Korsel Cari ART Murah Agar Keluarga Muda Mau Punya Anak
Seoul - Kim (34) pusing tujuh keliling gajinya habis untuk membayar pengasuh dua putrinya yang masih balita. Di Seoul, ibukota Korea Selatan, gaji seorang babbysitter rata-rata 2,8 juta won per bulan, setara Rp 32,7 juta.
Padahal pendapatan rata-rata rumah tangga --suami istri bekerja-- sekitar 5,8 juta won. Artinya, separo pendapatan mereka untuk membayar asisten rumah tangga (ART).
"Harga pasaran pembantu rumah tangga ini terlalu tinggi," kata Kim kepada Korea JoongAng Daily, Sabtu (17/6). "Semua gaji saya habis untuk membayar pengasuh anak."
Gaji babbysitter yang tinggi ini membuat Walikota Seoul Oh Se-hoon mengusulkan rancangan undang-undang membuka keran 'impor' pembantu rumah tangga asing. Ia menilai gaji tersebut membebani keluarga muda.
Ia membandingkan dengan Singapura yang membayar ART sebesar 380 ribu-760 ribu won. Menurut data yang dimiliki Korsel, pekerja Filipina mendapat bayaran 420 dolar AS, setara Rp 6,2 juta. Kemudian Indonesia 400 dolar, Srilanka 370 dolar, dan Myanmar 330 dolar. Adapun Hongkong sebesar 604 dolar AS.
Presiden Yoon Suk-yeol pun sepakat. Ia mengaitkan impor ART ini dengan tingkat kesuburan perempuan Korsel yang rendah --terendah di dunia. Yakni 0,78 pada tahun 2022. Hal ini akibat penduduk malas menikah dan punya anak karena beban ekonomi yang makin tinggi.
Pemerintah akan membuat program percontohan pada paruh kedua tahun ini dengan mengizinkan pekerja dari negara-negara Asia Tenggara. Gaji dipatok sekitar 1 juta won, setara Rp 11,7 juta.
Program ini sekaligus untuk merangsang agar keluarga muda mau memiliki anak dengan mengurangi pos anggaran untuk ART. Di bawah Undang-Undang Peningkatan Ketenagakerjaan Pekerja Rumah Tangga saat ini, upah minimum ART asli Korsel 2 juta won.
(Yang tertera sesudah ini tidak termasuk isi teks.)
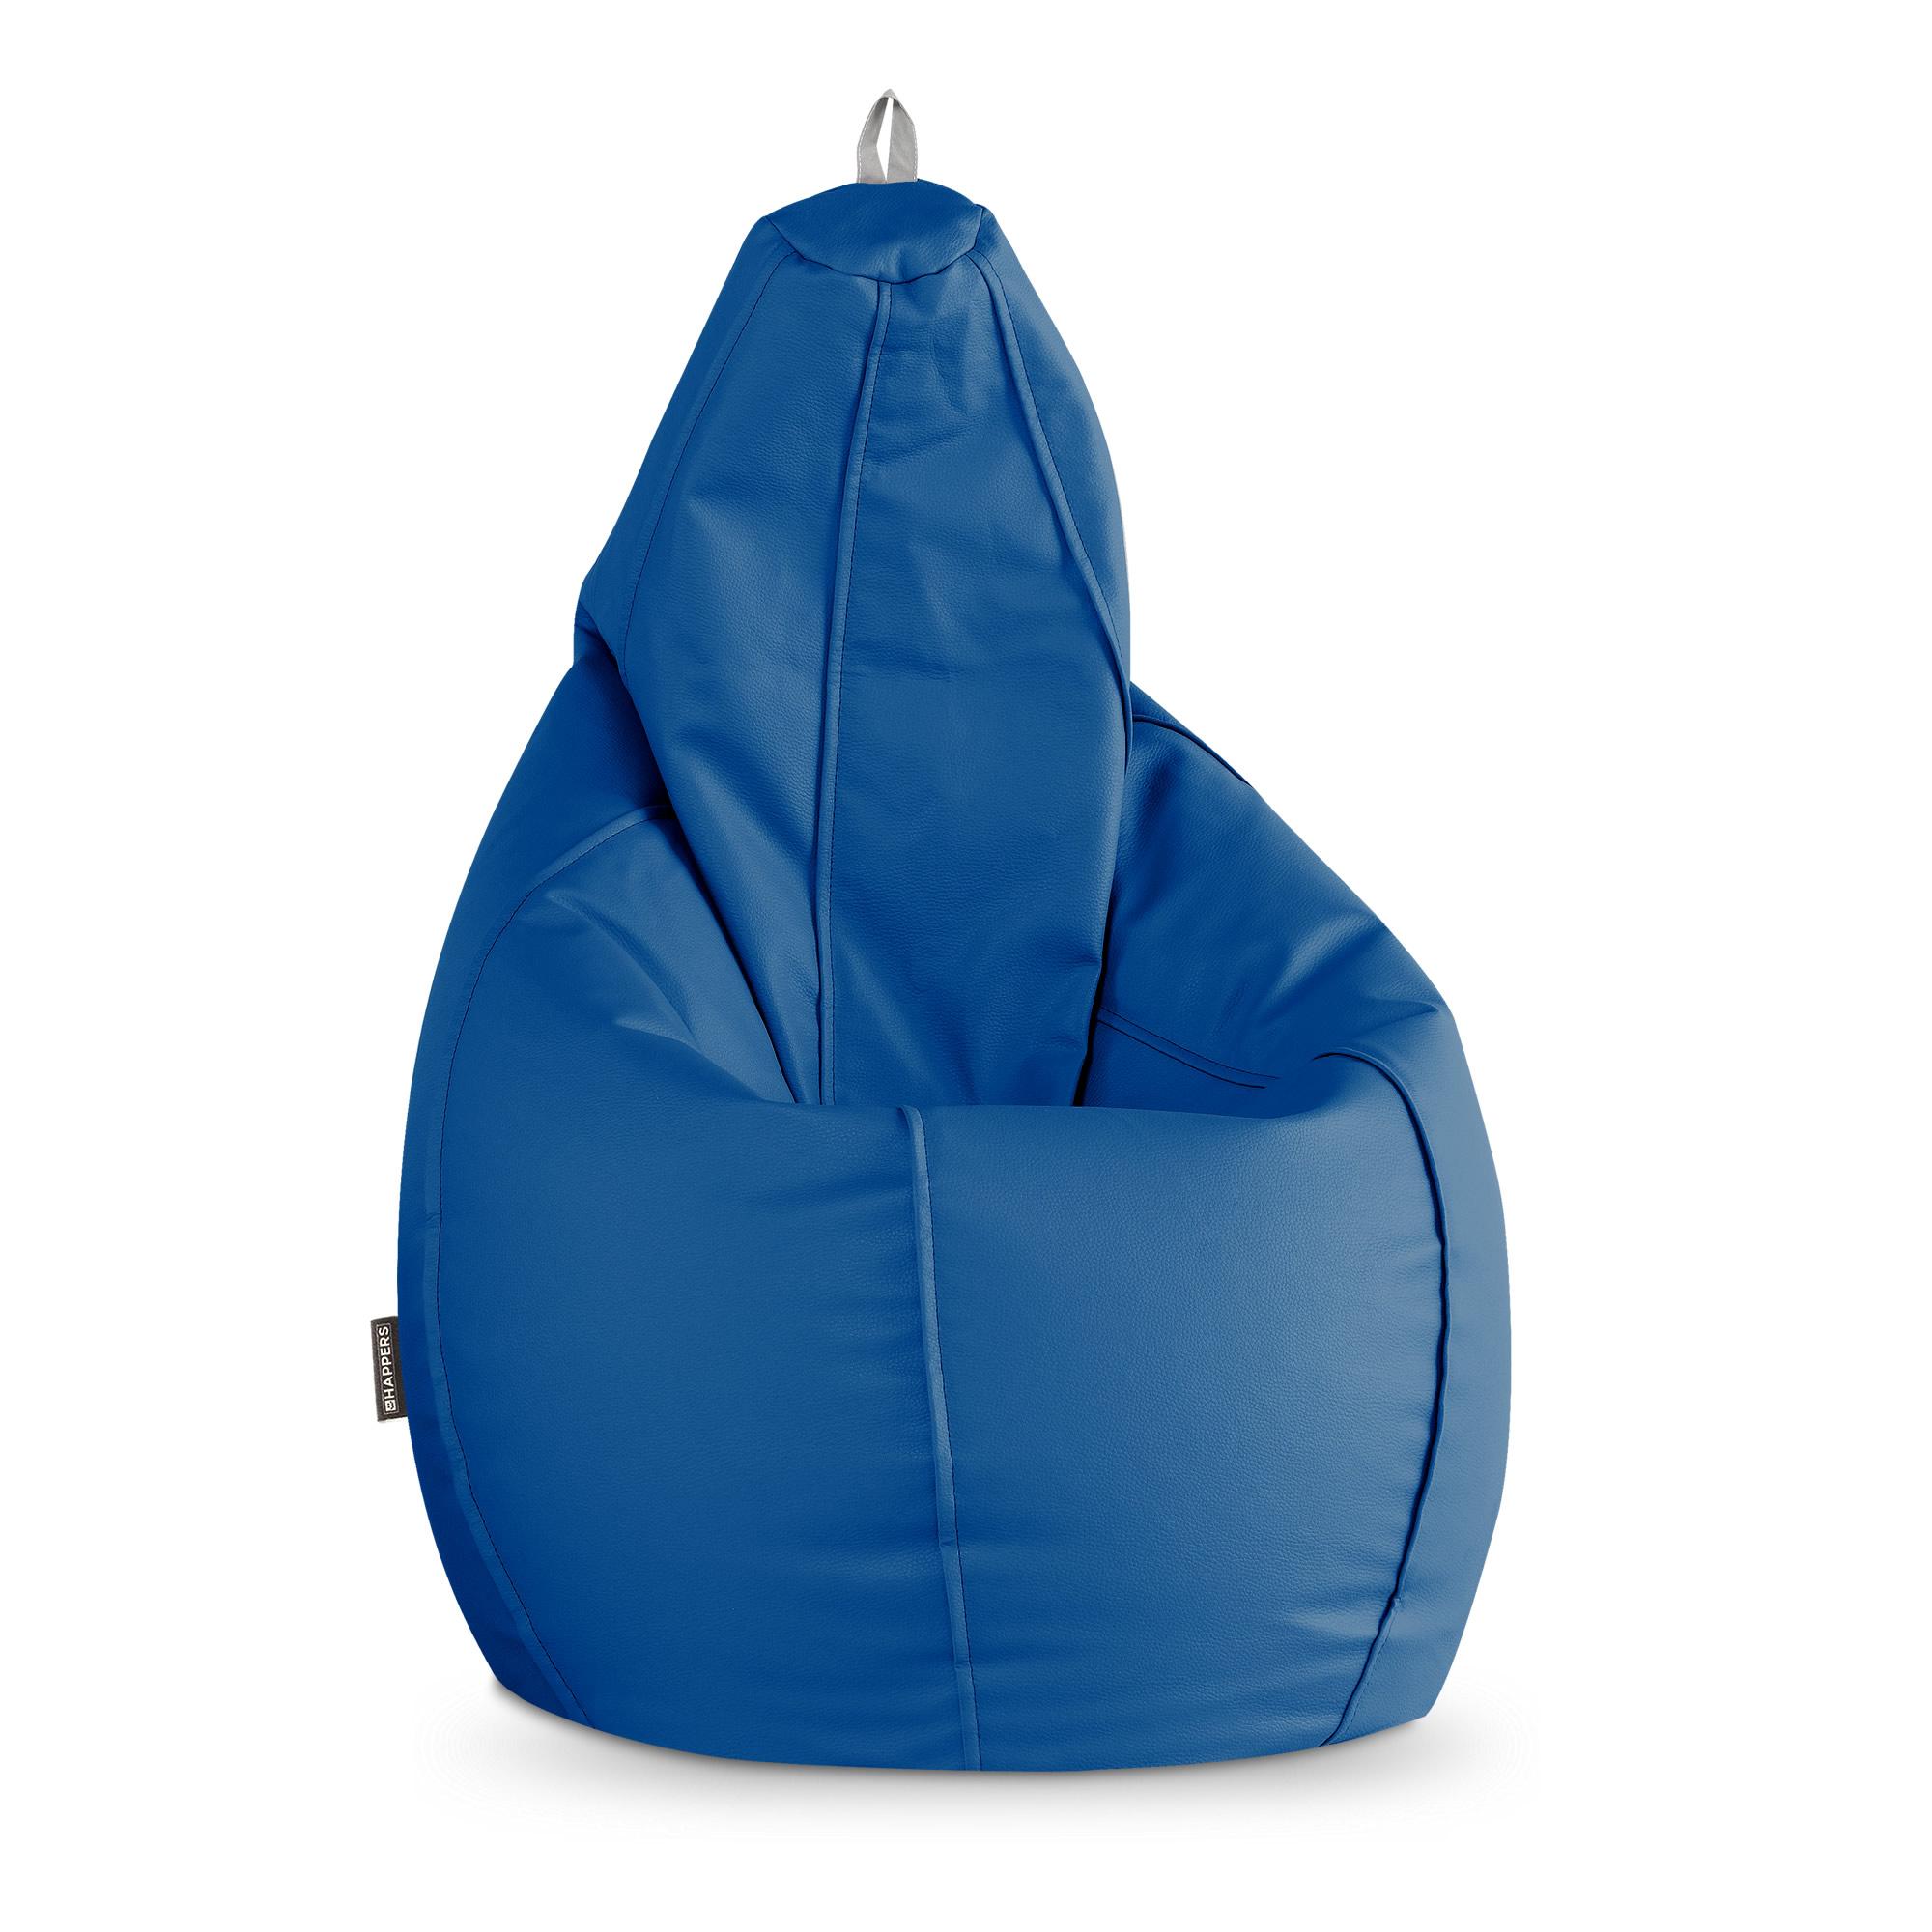 Puff Pera Azul desde 62,90?, envío y devoluciones gratuitas

Banyak rumah tangga Korsel yang masih menunggu implementasi proyek percontohan tersebut. Seorang ayah berusia 35 tahun yang istrinya segera melahirkan senang bisa mengeluarkan anggaran lebih kecil untuk ART.
"Mempekerjakan ART dengan biaya lebih murah adalah prioritas kami. Kami tidak terlalu peduli dengan etnis mereka, tapi berharap mereka fasih berbahasa Inggris karena kami perlu berkomunikasi," ujarnya.
Ju Young-min (32), ibu seorang anak, juga senang usulan ART asing yang murah. Namun ia mengkhawatirkan keterampilan mereka. Bisakah beradaptasi dengan budaya dan bahasa Korea?
"Saya lebih suka mempekerjakan orang asing yang setidaknya bisa berbicara sedikit bahasa Korea, atau terbiasa dengan cara kami. Jika tidak, akan sulit bagi mereka untuk memberikan pengasuhan anak yang layak," katanya.
Adaptasi terhadap budaya Korea yang rumit itu pula yang membuat Kim tak yakin proposal pemerintah soal ART murah akan berhasil.
"Apa gunanya mengambil tenaga murah, jika pekerjaan mereka tak beres? Akan sia-sia mengeluarkan uang, dan saya tetap tidak tenang di kantor," ujar Kim.
Di Korea, percakapan soal pilihan antara karir dan mengasuh anak sudah terjadi setidaknya dalam tiga tahun terakhir. "Kalau harus memilih, saya akan memilih karir," Kim menegaskan.
Tapi untuk membayar pengasuh anak mereka kerepotan. "Menjadi orang Korea saat ini repot memang," Ju Young-min mengeluh.